Typically, MTBF specifications that disk drive manufactures provide are average time between single disk unit failures.  This is simply a benchmark for systems and solutions designers. They use component MTBF specifications when determining the general disk failure rate the system or solution must be able to handle at scale and still provide reliable data storage in conjunction with meeting the required disk I/O performance.

Here is an example:

If the MTBF of a single drive is 750,000 hours, and there is a single drive in the system (as with your laptop and most desktop computer systems), then the MTBF of the data storage integrity of that system will be calculated at about 750,000 hours.

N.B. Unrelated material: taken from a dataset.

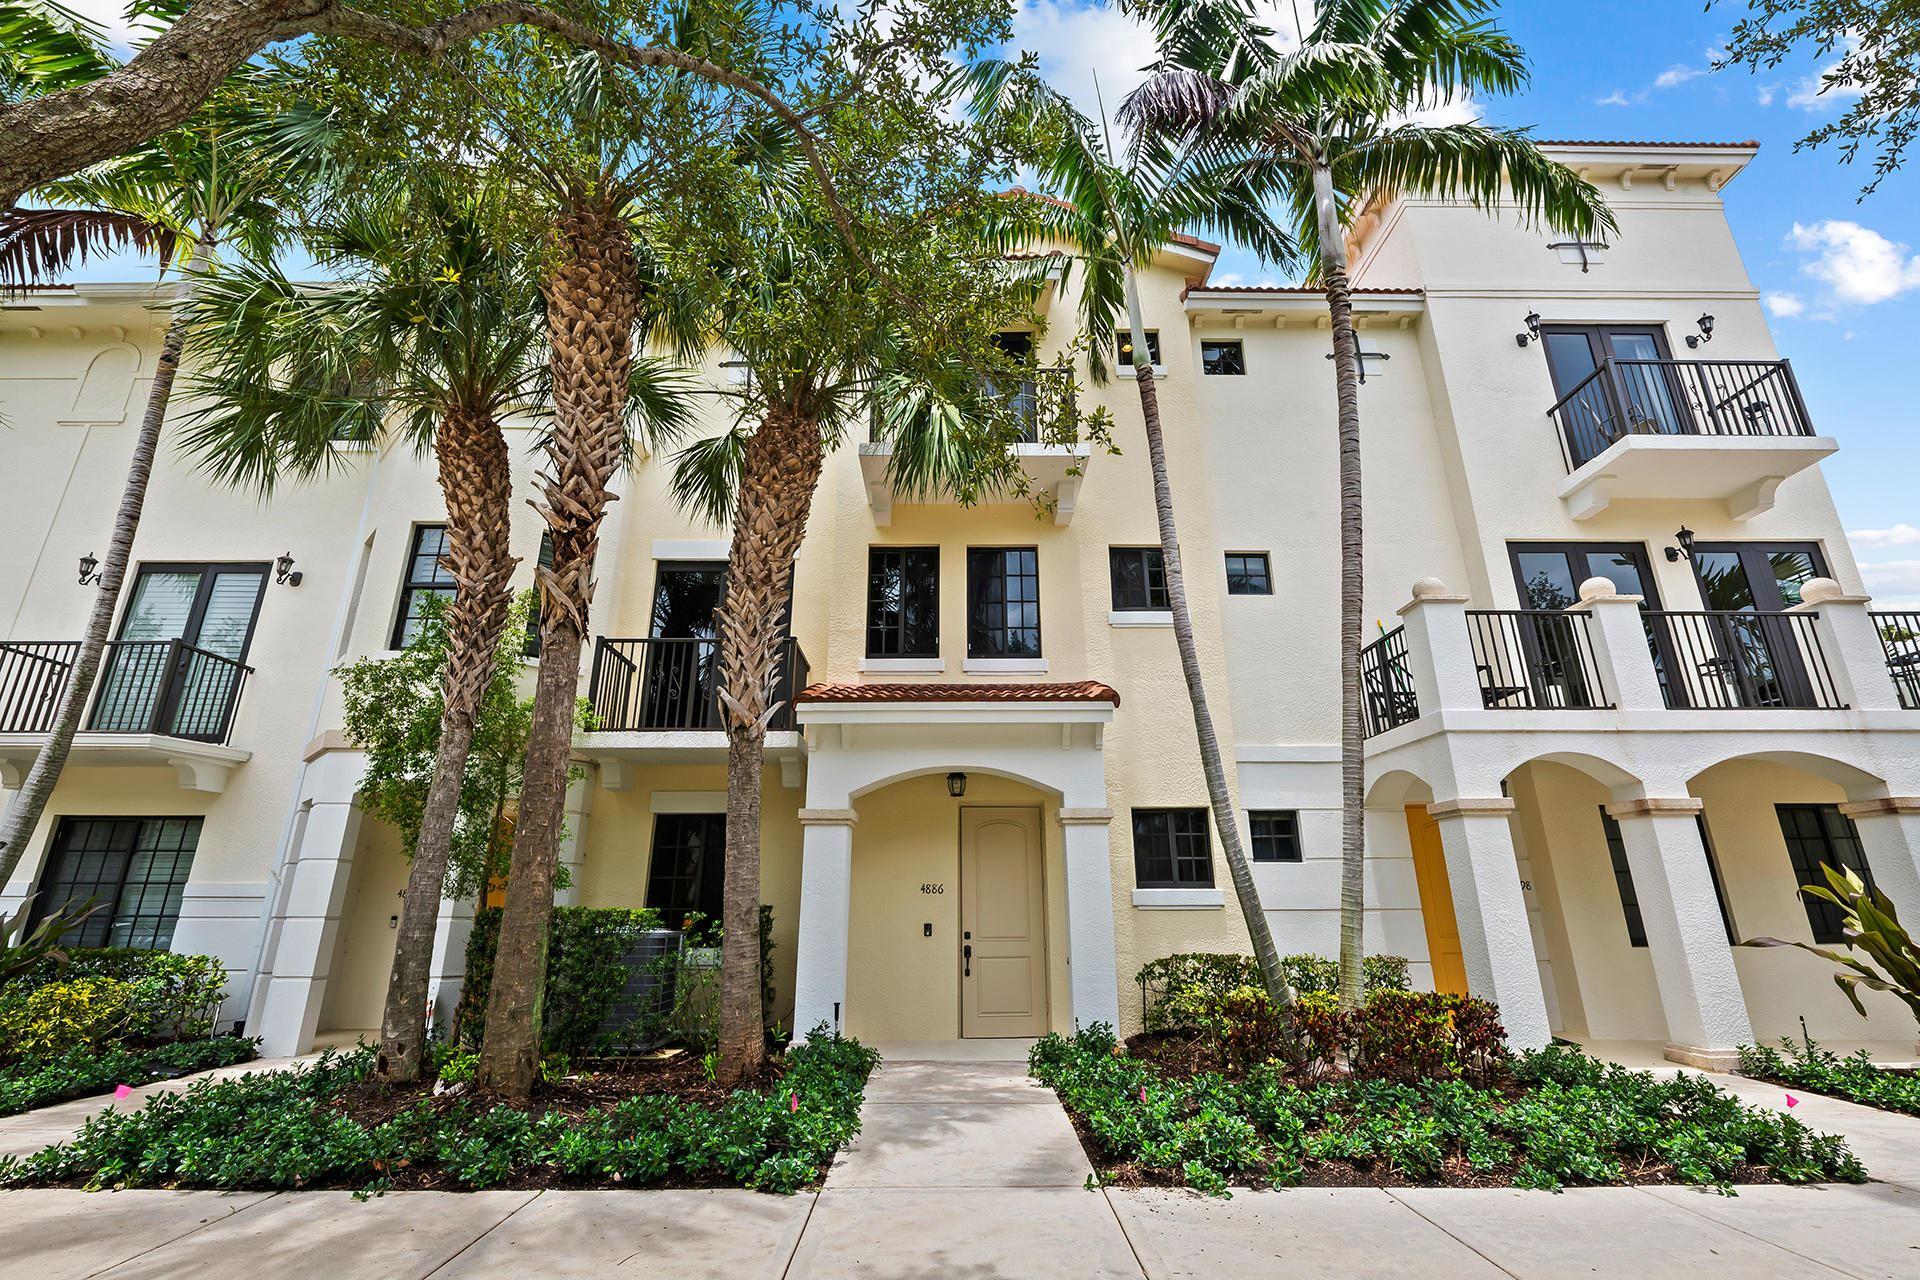 Photo of 4886 NW 16th Avenue, Boca Raton, FL 33431 (MLS # RX-10726418)

With the same MTBF expectation, and now there are three drives in the system, then the MTBF of the data storage integrity of that system will be calculated at 250,000 hours (750,000 / 3 drive units).  This is because the probability of a single device failure has tripled because there are three of them in the system.  There is a higher probability that at least one of them will fail.

The upside is that if the three drives are in a RAID configuration (excluding RAID0) the data integrity expectancy is effectively decoupled from the component MTBF expectancy.  This is because the failure of one disk will not result in data unavailability and a replacement disk could be installed to replace the failed unit. Additionally, the data will automatically be rebuilt onto the new drive.  At an MTBF of 750k hours, statistically, replacement and rebuild would complete and the replacement drive joined into the RAID groups well before another drive in that RAID group would fail.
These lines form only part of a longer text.